I think there's good potential for app customization via the plugin system, for various features that would be good to have, but that would be too game-specific, or too niche, to include in the base app. One example plugin that I'll make (unless someone beats me to it - and saves me the work 😂 ) is a plugin to automatically generate .lip and .fuz files for Skyrim/Fallout 4.

Check out the documentation here, if you're interested in creating a plugin for the app: https://github.com/DanRuta/xVA-Synth/wiki/Plugins . I think it's quite easy to follow (though I am biased), and there's minimal setup work to integrate code into the app. I will of course be available on Discord or wherever you prefer, to chat about this, and lend a hand if I can help.

Other changes

There are quite a few other changes, including a community guide for collecting tips/advice for how to get the best quality out of using the app over here: https://github.com/DanRuta/xvasynth-community-guide . This is linked to from within the info tab in the app.

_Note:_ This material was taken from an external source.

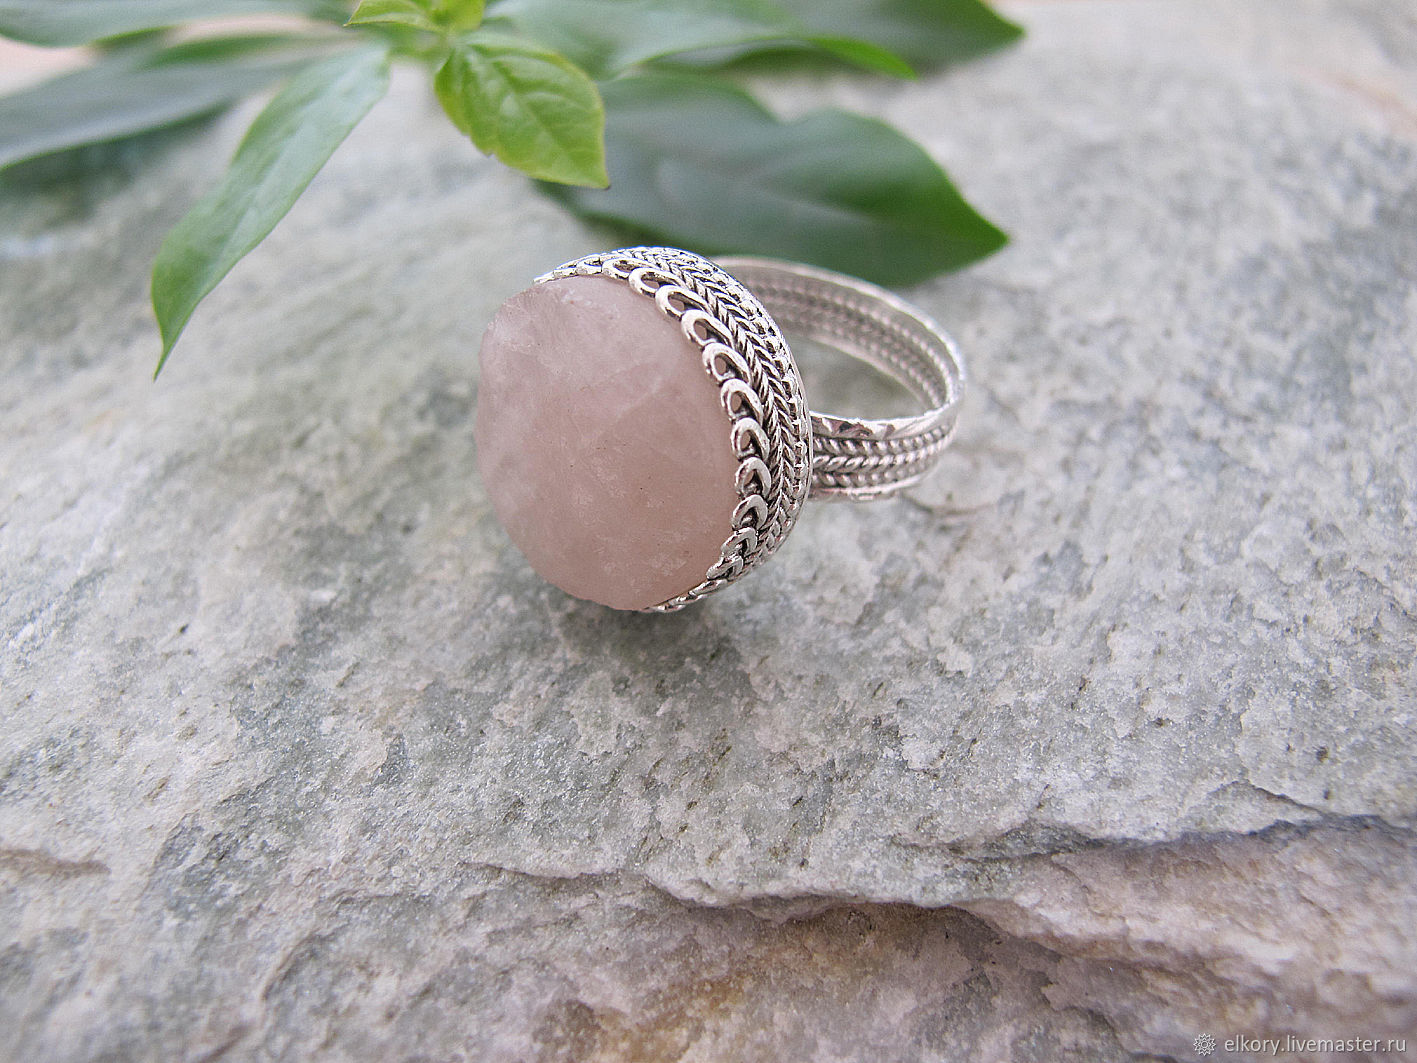 Кольцо серебро розовый. 33357- Комплект Caramel из серебра с розовым кварцем - 3 изделия. Кольцо 1972 серебряное с розовым кварцем. Кольцо с розовым кварцем в серебре.

You can download the v1.4.0 pre-release from here: https://drive.google.com/file/d/1M7Dk_KdEZpqL502aB-9ecLNImKBX0vfd/view?usp=sharing

Do let me know if there are any issues, before I update the Nexus.

Short term plan

I will have to take a few days off before the next poll, mainly because I'll be super busy using my PC to train xVASpeech models, and I also have a spike in requests to attend to. Things will be back to normal by the end of this week, hopefully with some xVASpeech models ready to play with!